К счастью, ничего серьезного с ним, видимо, не случилось. Он попросил воды. Директор приказал принести ему стакан чая из своего кабинета. Когда он выпил чай, директор стал его торопить:
— Ну, товарищ, назвался львом — полезай в шкуру. Лезь, лезь, брат, скоро начнем!
Кто-то услужливо подскочил со шкурой, но лев не захотел в нее лезть: он твердо заявил, что ему непременно надо выйти из театра. Что это была за экстренная надобность — он отказался объяснить, он только сконфуженно улыбался. Директор вскипел. Он попробовал приказывать, попробовал напомнить, что Жеребякин — кандидат в партию, что он — ударник, но лев-ударник упрямо стоял на своем. Пришлось уступить — и, просияв щербатой улыбкой, Петя Жеребякин помчался куда-то из театра…
— Ну, куда, зачем его черт понес? — снова красный от злости спрашивал директор. — Какие такие у него секреты?
Красному директору никто не мог ответить: секрет был известен только Пете Жеребякину — и, разумеется, автору этого рассказа. И пока Петя Жеребякин бежит куда-то сквозь осенний петербургский дождь, мы можем переселиться на время в ту июньскую ночь, в которую родился его секрет.

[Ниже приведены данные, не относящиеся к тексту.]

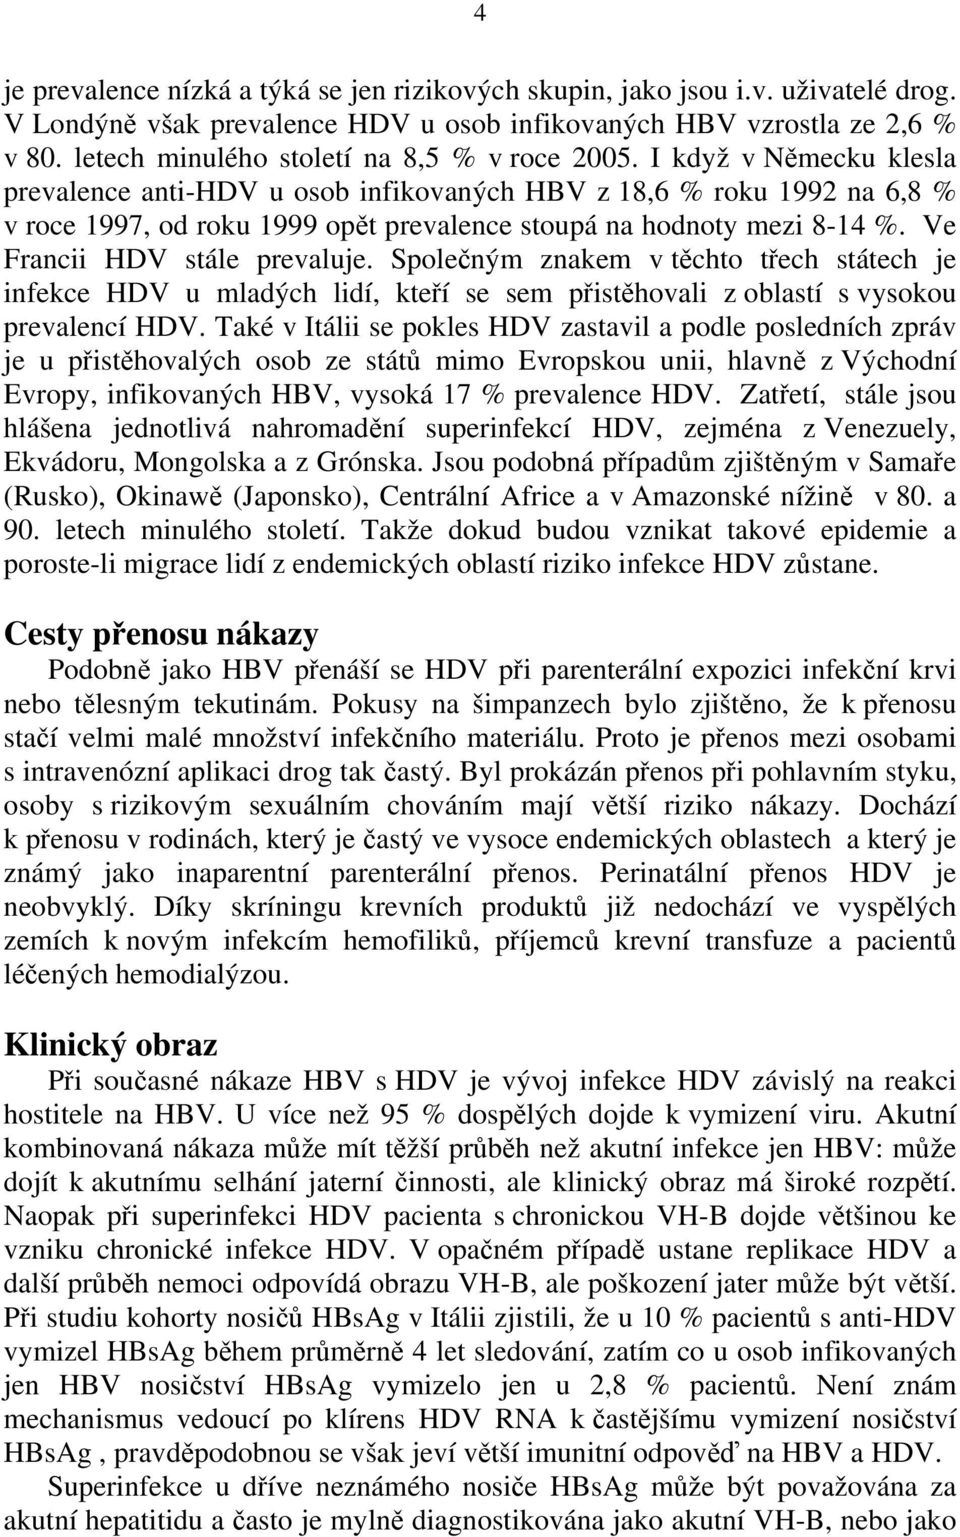 I když v Německu klesla prevalence anti-hdv u osob infikovaných HBV z 18,6 % roku 1992 na 6,8 % v roce 1997, od roku 1999 opět prevalence stoupá na hodnoty mezi 8-14 %. Ve Francii HDV stále prevaluje.

Ночи в ту ночь не было: это был день, чутко задремавший на секунду, как задремывает в походе солдат, не переставая шагать и путаясь между явью и сном. В розовом стекле каналов дремлют опрокинутые деревья, окна, колонны, Петербург. И вдруг от какого-то легчайшего ветерка Петербург исчезает; вместо него — Ленинград, проснувшийся от ветра красный флаг над Зимним дворцом, у решетки Александровского сада — милиционер с винтовкой.
Милиционера тесно окружила кучка ночных трамвайных рабочих. Из-за плеч Пете Жеребякину видно только лицо милиционера — круглое, похожее на рязанское яблоко-медовку. Происходит что-то очень странное: милиционера хватают за руки, за плечи — и наконец один из рабочих, вытянув трубочкой губы, нежно чмокает его в щеку. Милиционер багровеет, яростно свистит в свой свисток, рабочие разбегаются. Петя Жеребякин остается один лицом к лицу с милиционером — и милиционер так же внезапно исчезает, как вспугнутый ветром зеркальный Петербург: перед Жеребякиным — девушка в милицейской фуражке и гимнастерке, первая милиционерка, поставленная революцией на Невском проспекте. Черные брови над переносицей у нее сердито сцепились, из глаз — искры.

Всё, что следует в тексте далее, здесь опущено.